After you have selected an algorithm that meets your business needs, you can customize the mining model in the following ways to potentially improve results.

  • Use different columns of data in the model, or change the usage or content types of the columns.

  • Create filters on the mining model to restrict the data used in training the model.

  • Set algorithm parameters to control thresholds, tree splits, and other conditions.

  • Change the default algorithm that is used to analyze data or make predictions.

The decisions that you make about which columns of data to use in the model, and how to use and process that data, can greatly affect the results of analysis. The following topics provide information to help you understand these choices.

  • Mining Models (Analysis Services - Data Mining)

    Provides an overview of the architecture of a mining model, including the underlying mining structure and the choice of mining columns.

  • Creating Filters for Mining Models (Analysis Services - Data Mining)

    Explains how you can create filters that apply to a mining model, in order to create models based on a subset of the mining structure data.

  • Feature Selection in Data Mining.

    Explains how Analysis Services uses a process called feature selection to select only the most useful attributes for addition to a model.
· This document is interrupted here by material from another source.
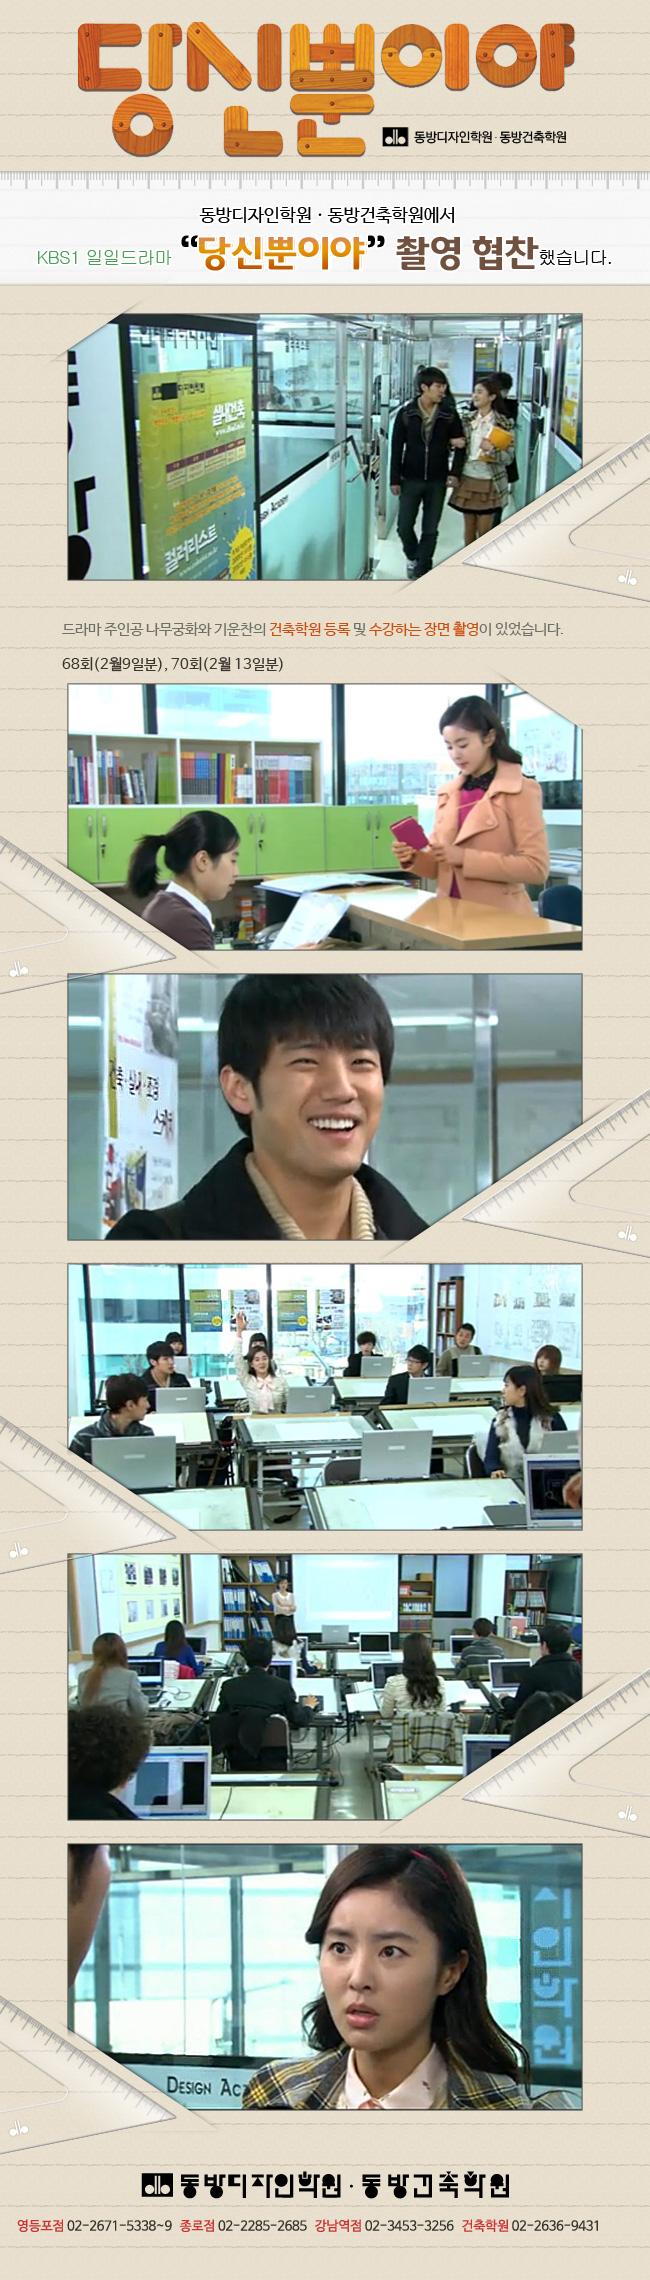 (주)동방디자인학원ㆍ(주)동방건축학원, KBS1 일일드라마 당신뿐이야 촬영장소협찬

Reducing the number of columns and attributes can improve performance and the quality of the model. The feature selection methods that are available differ depending on the algorithm that you choose.

If you use the Data Mining wizard, you can also have Analysis Services automatically select the data that is most useful for building a particular model.

The choice of algorithm determines what kind of results you will get. For general information about how a specific algorithm works, or the business scenarios where you would benefit from using a particular algorithm, see Data Mining Algorithms (Analysis Services - Data Mining).

The data mining algorithms provided in Analysis Services are also extensively customizable. You can control the behavior of the algorithm and how it processes data by setting algorithm parameters. The following topics provide detailed information about the parameters that each algorithm supports.

Microsoft Decision Trees Algorithm Technical Reference

Microsoft Clustering Algorithm Technical Reference

Microsoft Naive Bayes Algorithm Technical Reference

Microsoft Association Algorithm Technical Reference

Microsoft Sequence Clustering Algorithm Technical Reference

Microsoft Neural Network Algorithm Technical Reference

Microsoft Logistic Regression Algorithm Technical Reference

Microsoft Linear Regression Algorithm Technical Reference

Microsoft Time Series Algorithm Technical Reference

The topic for each algorithm type also lists the prediction functions that can be used with models based on that algorithm.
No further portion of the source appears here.